__WHAT NEEDS TO BE DONE__. The answer must be an exact transcription of the lines below from the first through the one containing "How to style", with the pictures left out; please add nothing else.

__DATASET EXCERPT__.
- Opening Delimiter -

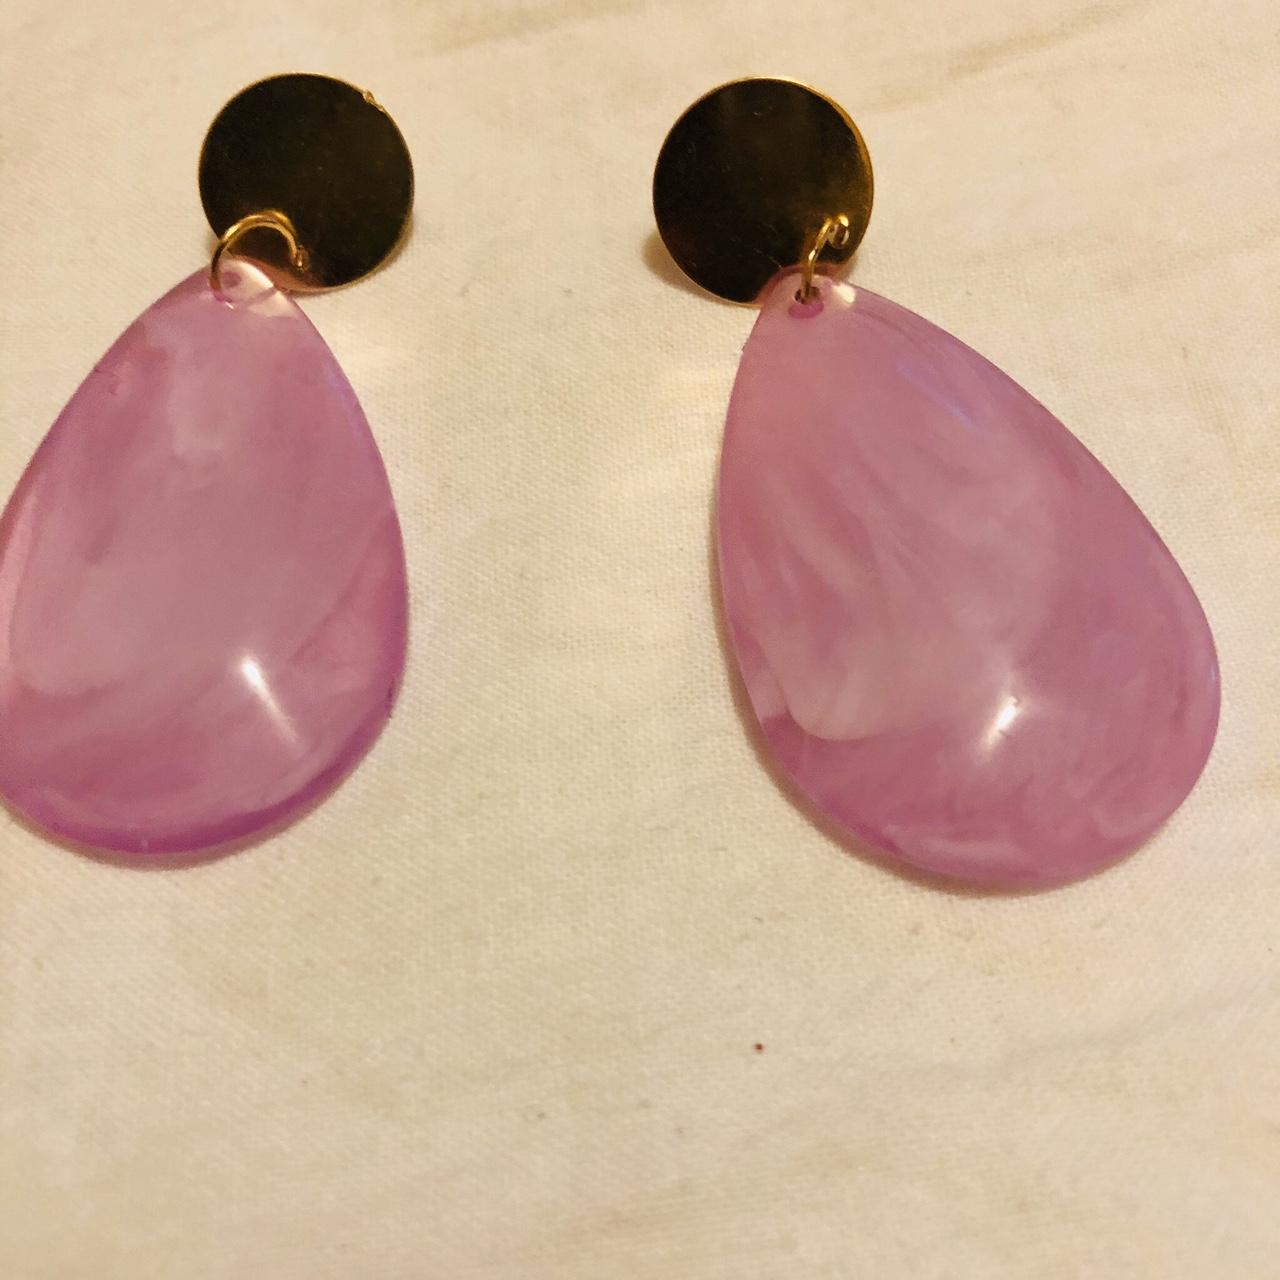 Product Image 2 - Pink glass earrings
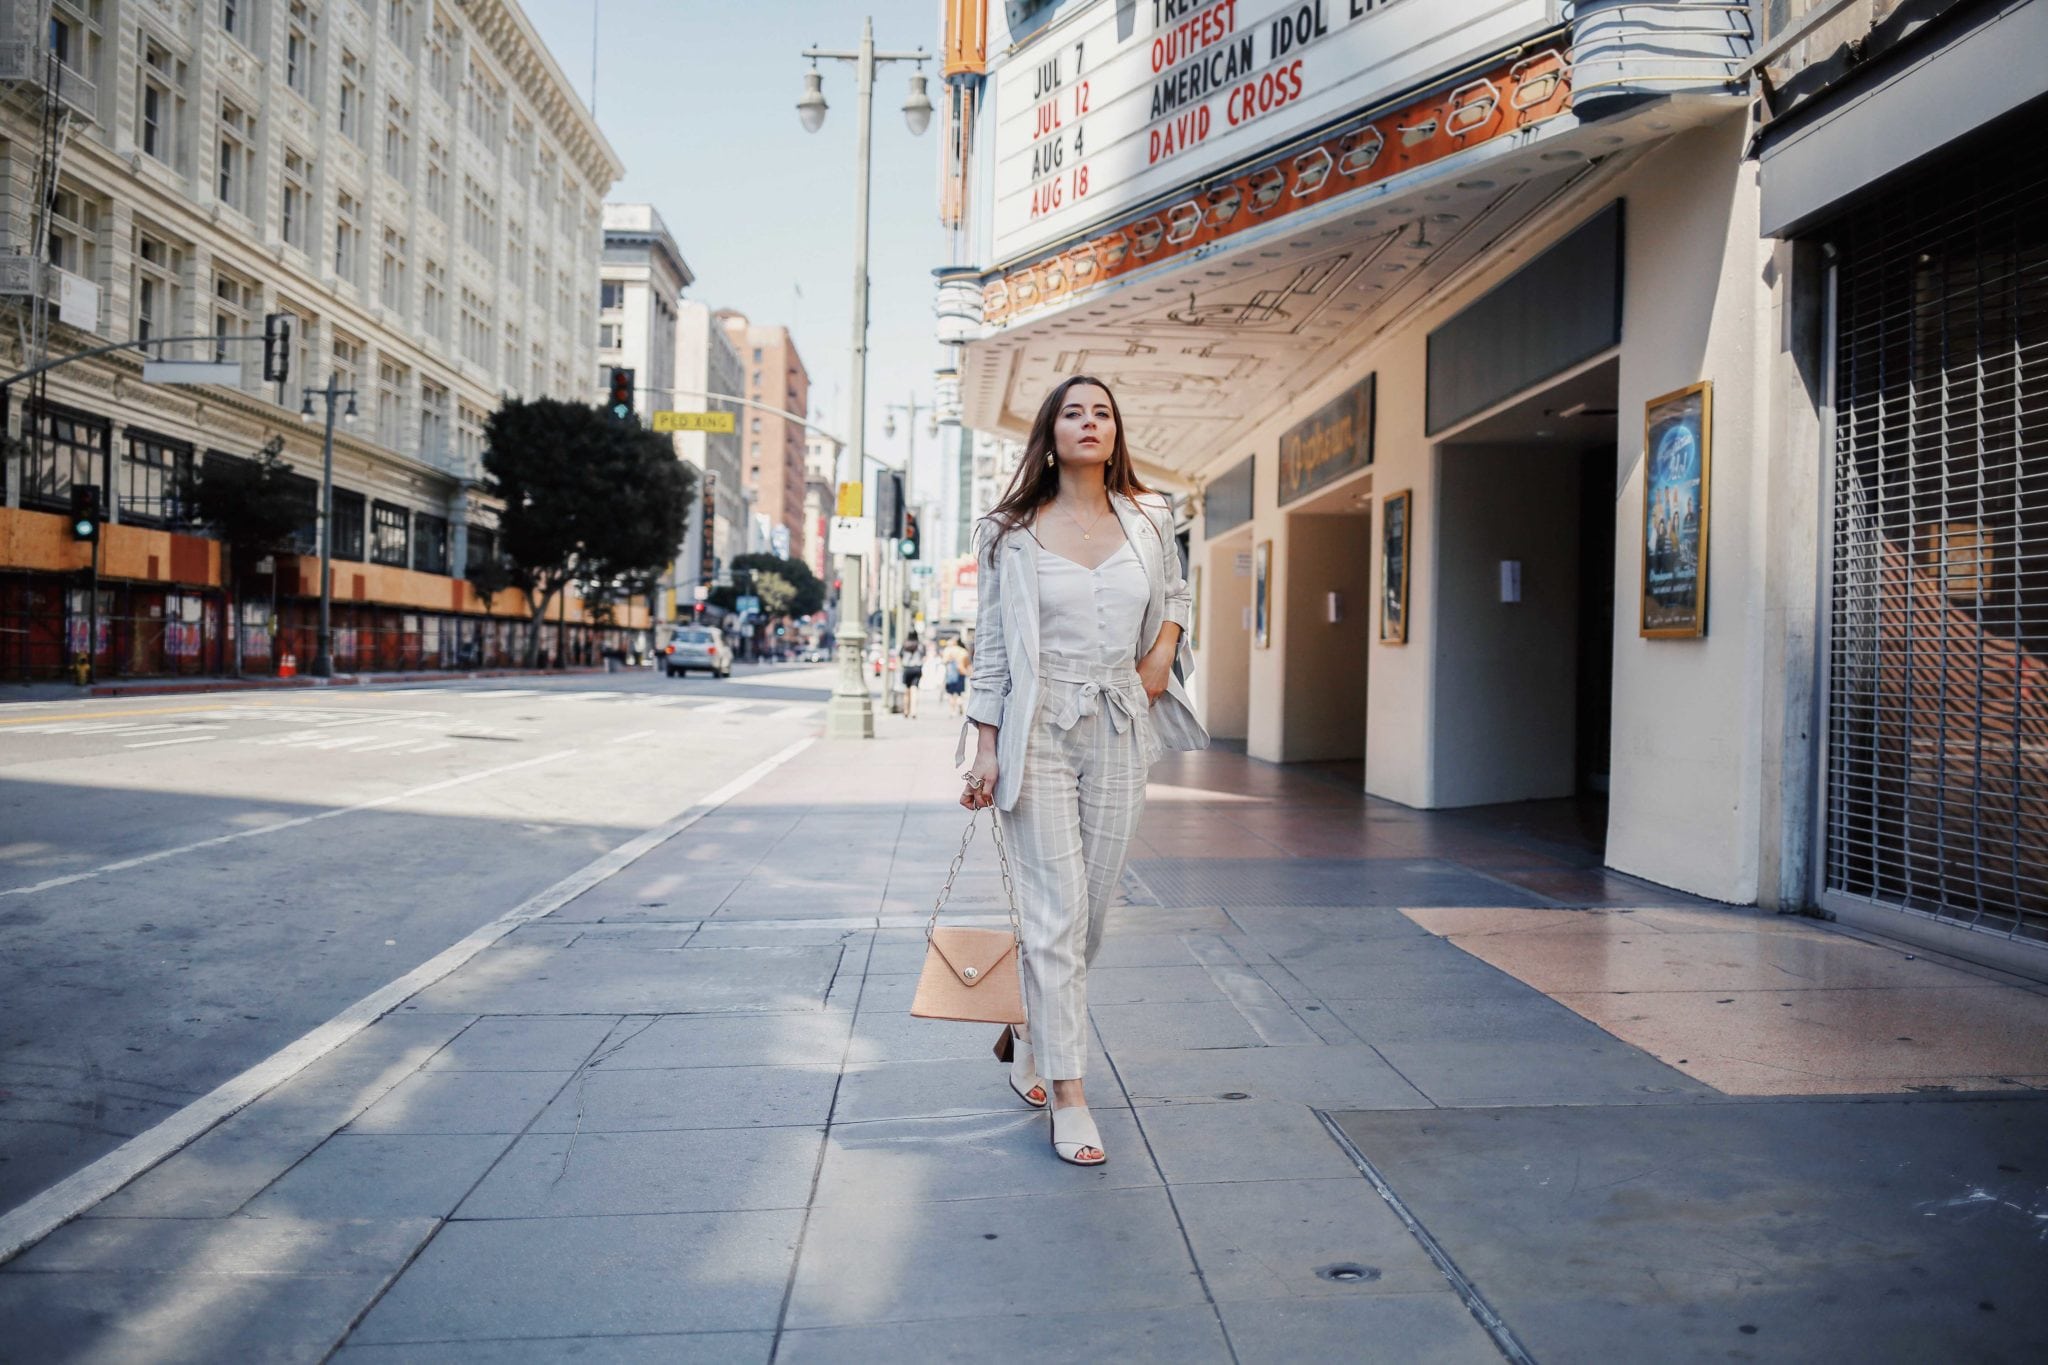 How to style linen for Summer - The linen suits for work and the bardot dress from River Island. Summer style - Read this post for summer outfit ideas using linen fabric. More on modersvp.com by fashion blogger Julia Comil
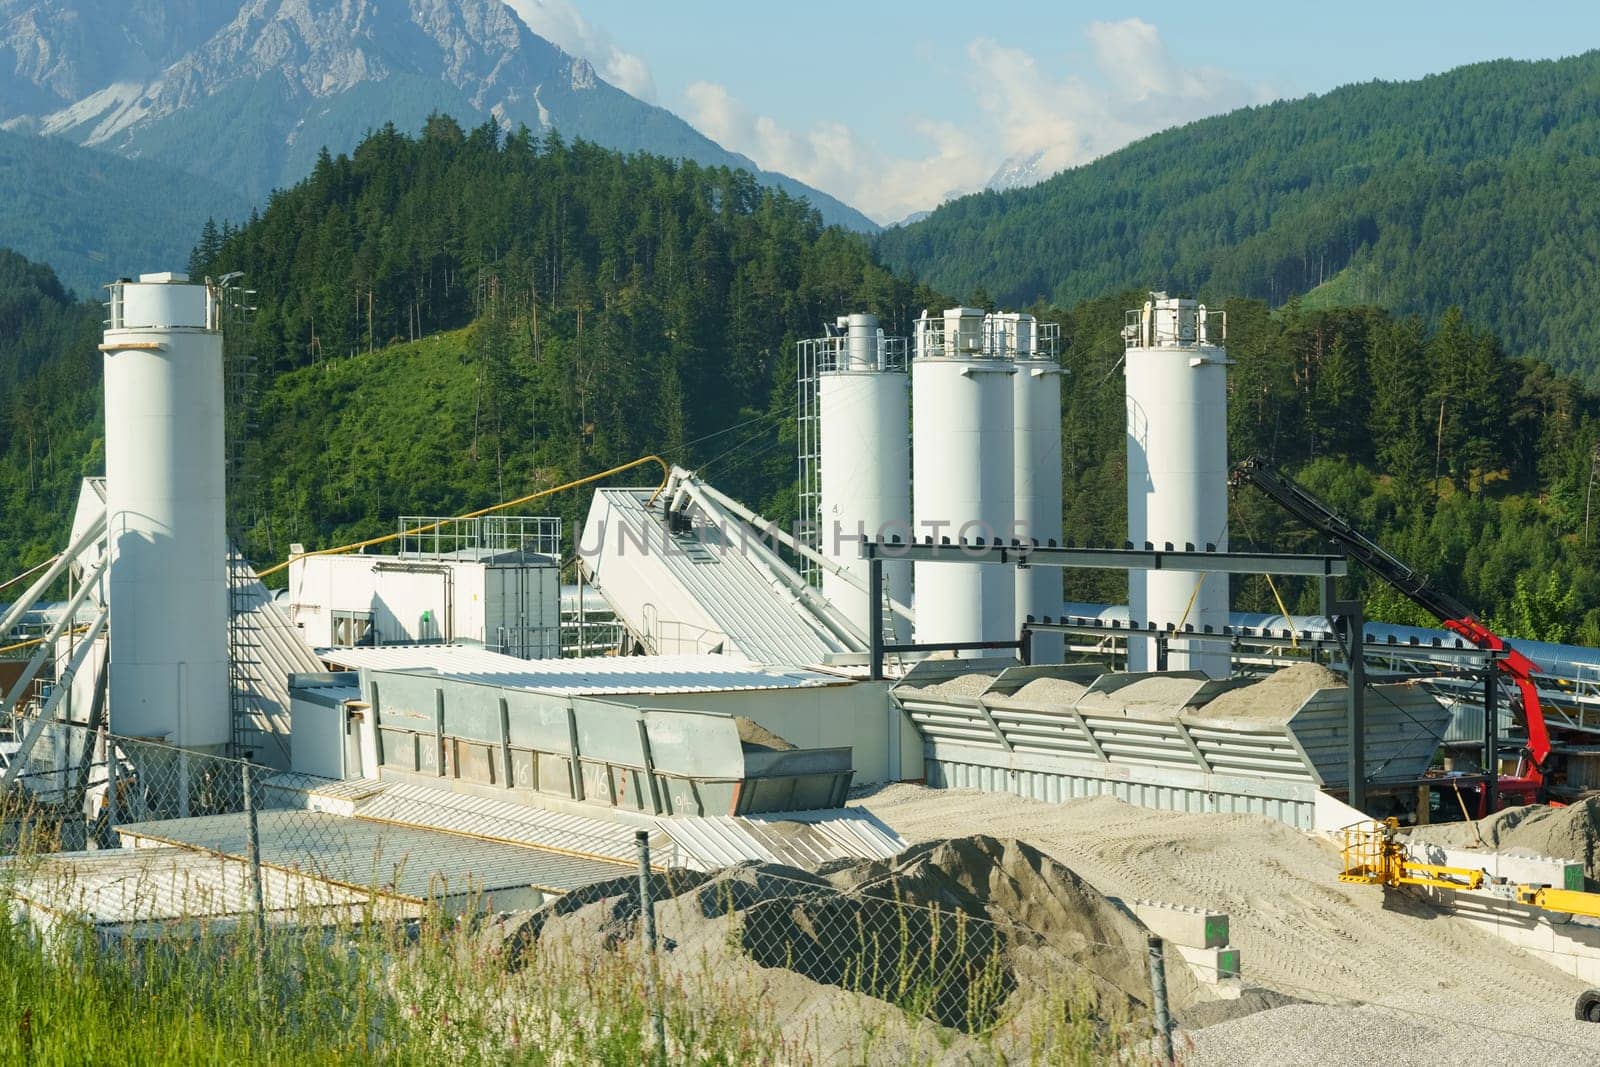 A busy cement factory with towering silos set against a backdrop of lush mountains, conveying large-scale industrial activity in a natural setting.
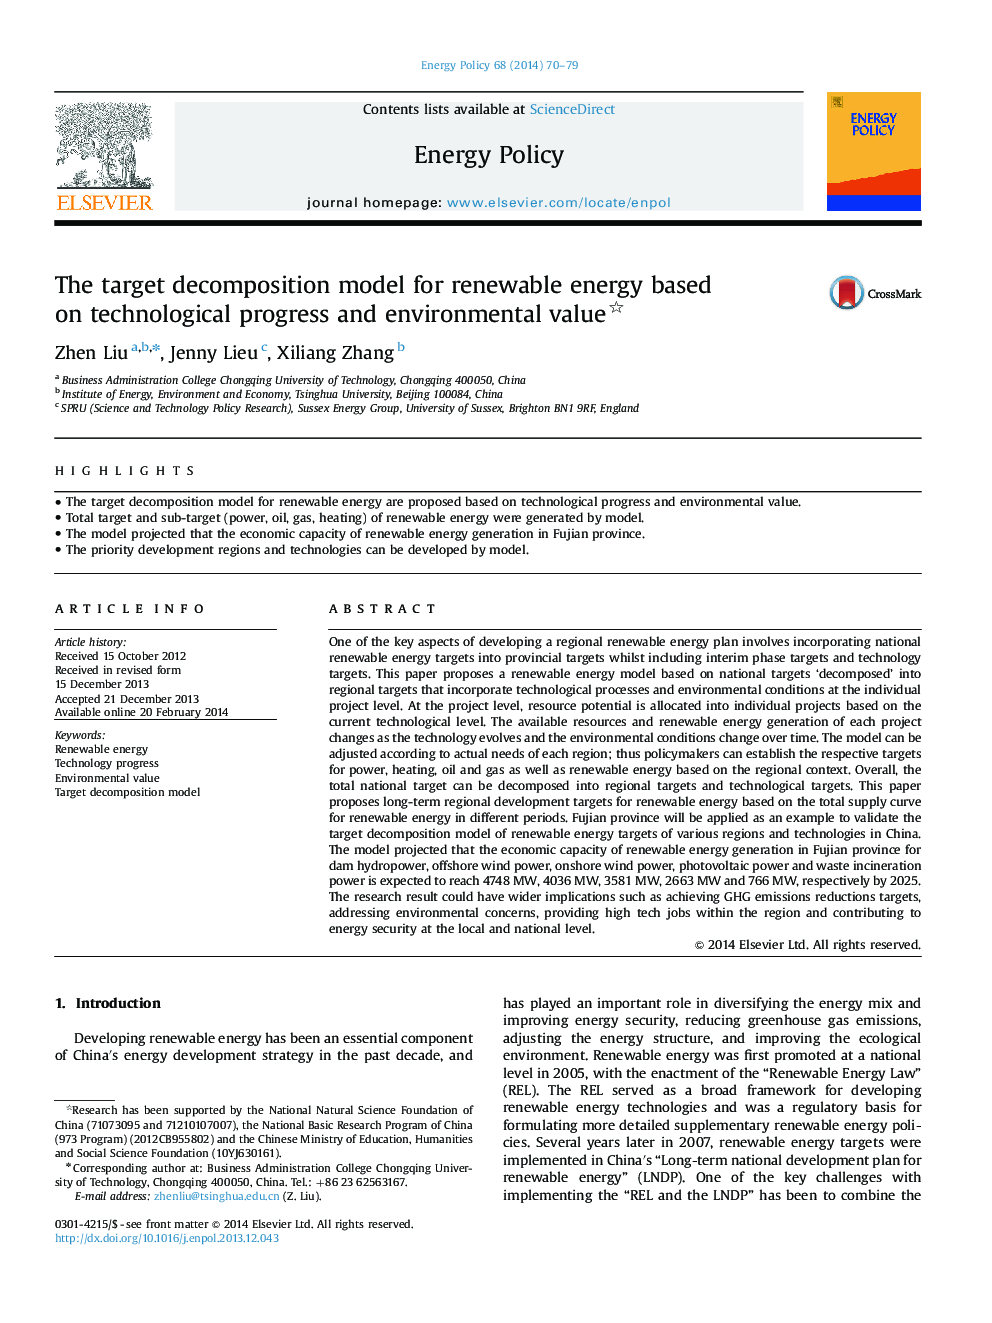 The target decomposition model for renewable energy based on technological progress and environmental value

- Closing Delimiter -

__EXERCISE ANSWER__.
 Product Image 2 - Pink glass earrings
 How to style linen for Summer - The linen suits for work and the bardot dress from River Island. Summer style - Read this post for summer outfit ideas using linen fabric. More on modersvp.com by fashion blogger Julia Comil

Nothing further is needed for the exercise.